Communication media may typically be embodied by computer readable
instructions, data structures, program modules, or other data in a
modulated data signal, such as a carrier wave or other transport
mechanism, and includes any information deliver media. The term
"modulated data signal" means a signal that has one or more of its
characteristics set or changed in such a manner as to encode
information in the signal. By way of example, not limitation,
communication media includes wired media such as a wired network or
direct-wired connection, and wireless media such as acoustic, RF
infrared and other wireless media. The term computer readable media
is used herein includes both storage media and communication
media.
[0036] This embodiment of the system 102 provides notifications
using the visual indicator 120 that can be used to provide visual
notifications and/or an audio interface 174 producing audible
notifications via the audio transducer 125. In the illustrated
embodiment, the visual indicator 120 is a light emitting diode
(LED) and the audio transducer 125 is a speaker. These devices may
be directly coupled to the power supply 170 so that when activated,
they remain on for a duration dictated by the notification
mechanism even though the processor 160 and other components might
shut down for conserving battery power. The LED may be programmed
to remain on indefinitely until the user takes action to indicate
the powered-on status of the device. The audio interface 174 is
used to provide audible signals to and receive audible signals from
the user. For example, in addition to being coupled to the audio
transducer 125, the audio interface 174 may also be coupled to a
microphone to receive audible input, such as to facilitate a
telephone conversation. In accordance with embodiments of the
present invention, the microphone may also serve as an audio sensor
to facilitate control of notifications, as will be described below.
The system 102 may further include a video interface 176 that
enables an operation of an on-board camera 130 to record still
images, video stream, and the like.
[0037] A mobile computing device 100 implementing the system 102
may have additional features or functionality.
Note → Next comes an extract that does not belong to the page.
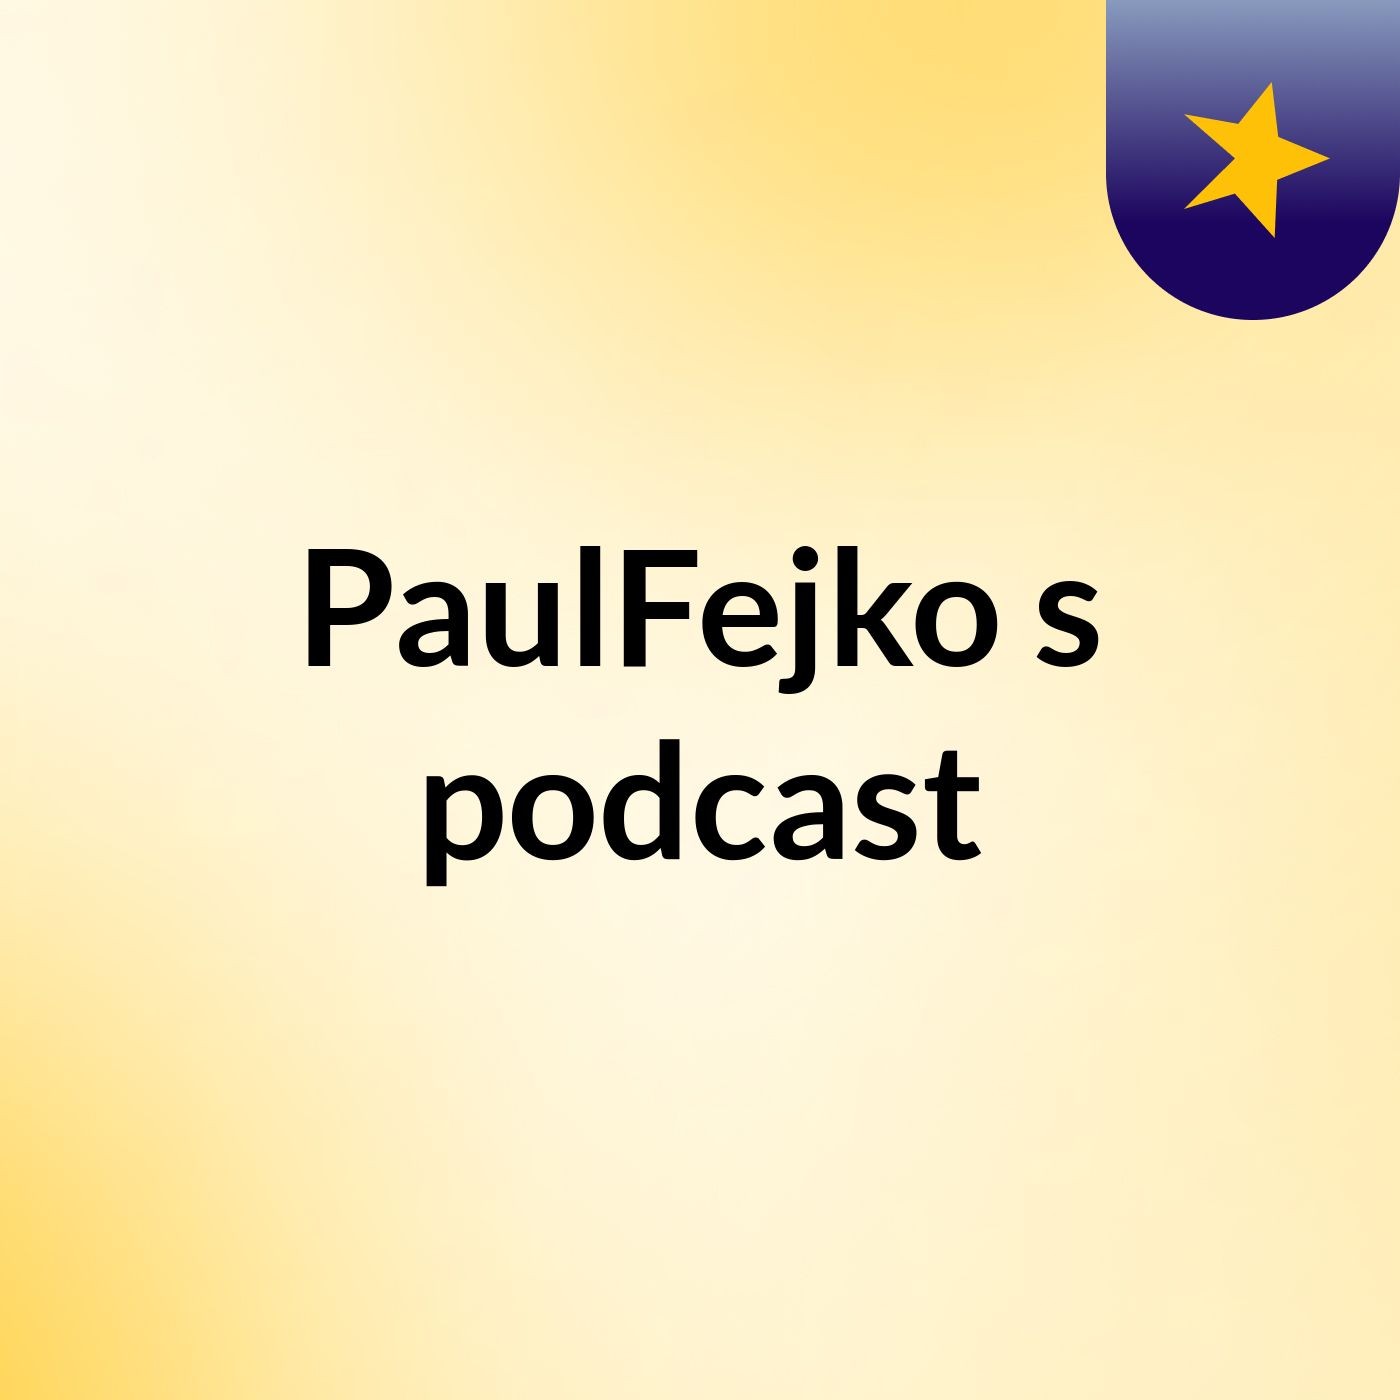 PaulFejko's podcast
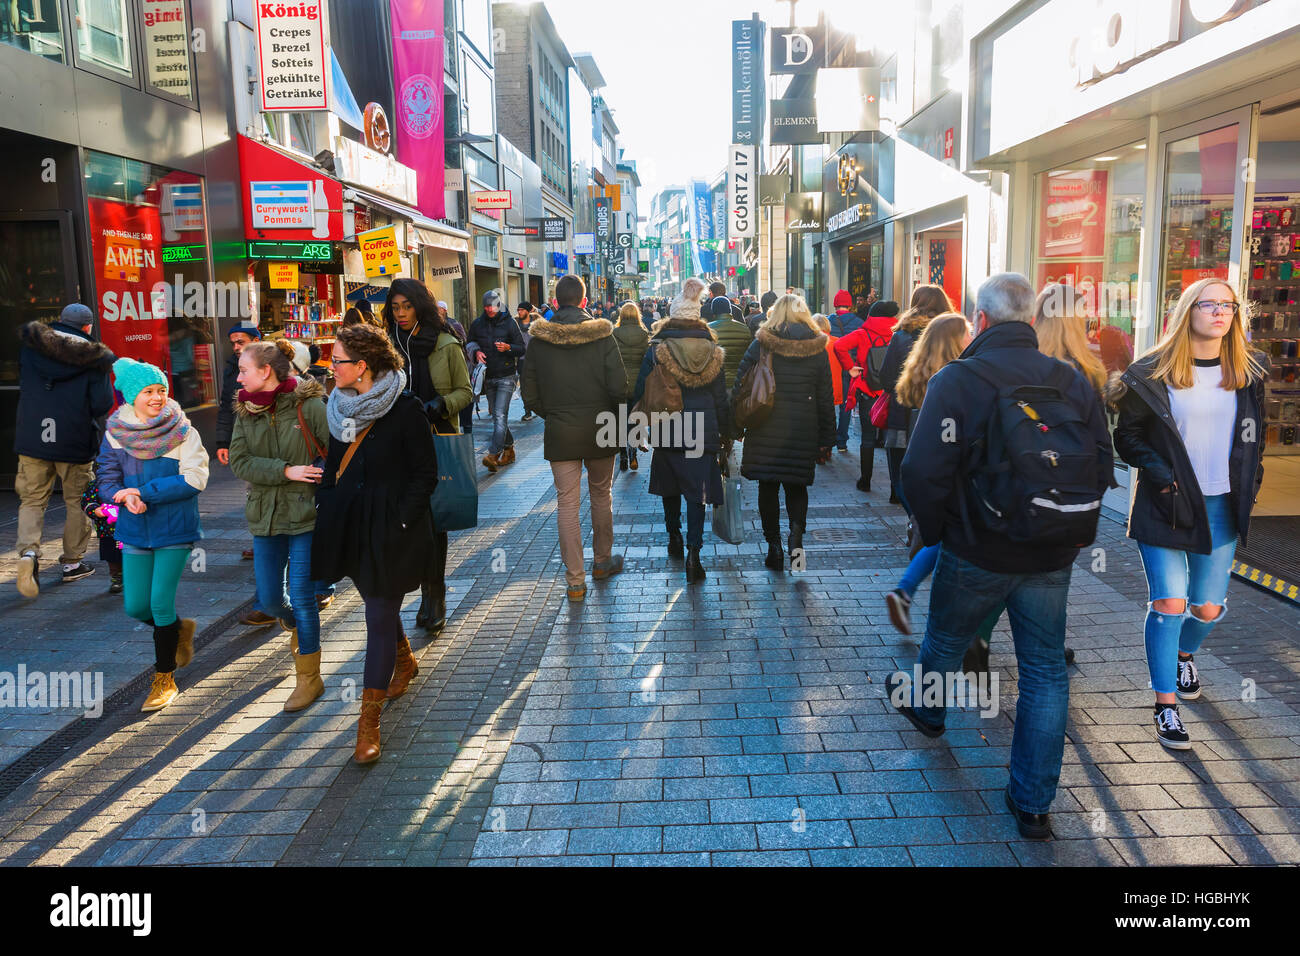 Colonia, Germania - 30 dicembre 2016: strada dello shopping Hohe Strasse con persone non identificate. Si tratta di una strada per lo shopping nella città vecchia e uno dei piazzali Foto Stock

For example, the
mobile computing device 100 may also include additional data
storage devices (removable and/or non-removable) such as, magnetic
disks, optical disks, or tape. Such additional storage is
illustrated in FIG. 1B by the non-volatile storage area 168.
Computer storage media may include volatile and nonvolatile,
removable and non-removable media implemented in any method or
technology for storage of information, such as computer readable
instructions, data structures, program modules, or other data.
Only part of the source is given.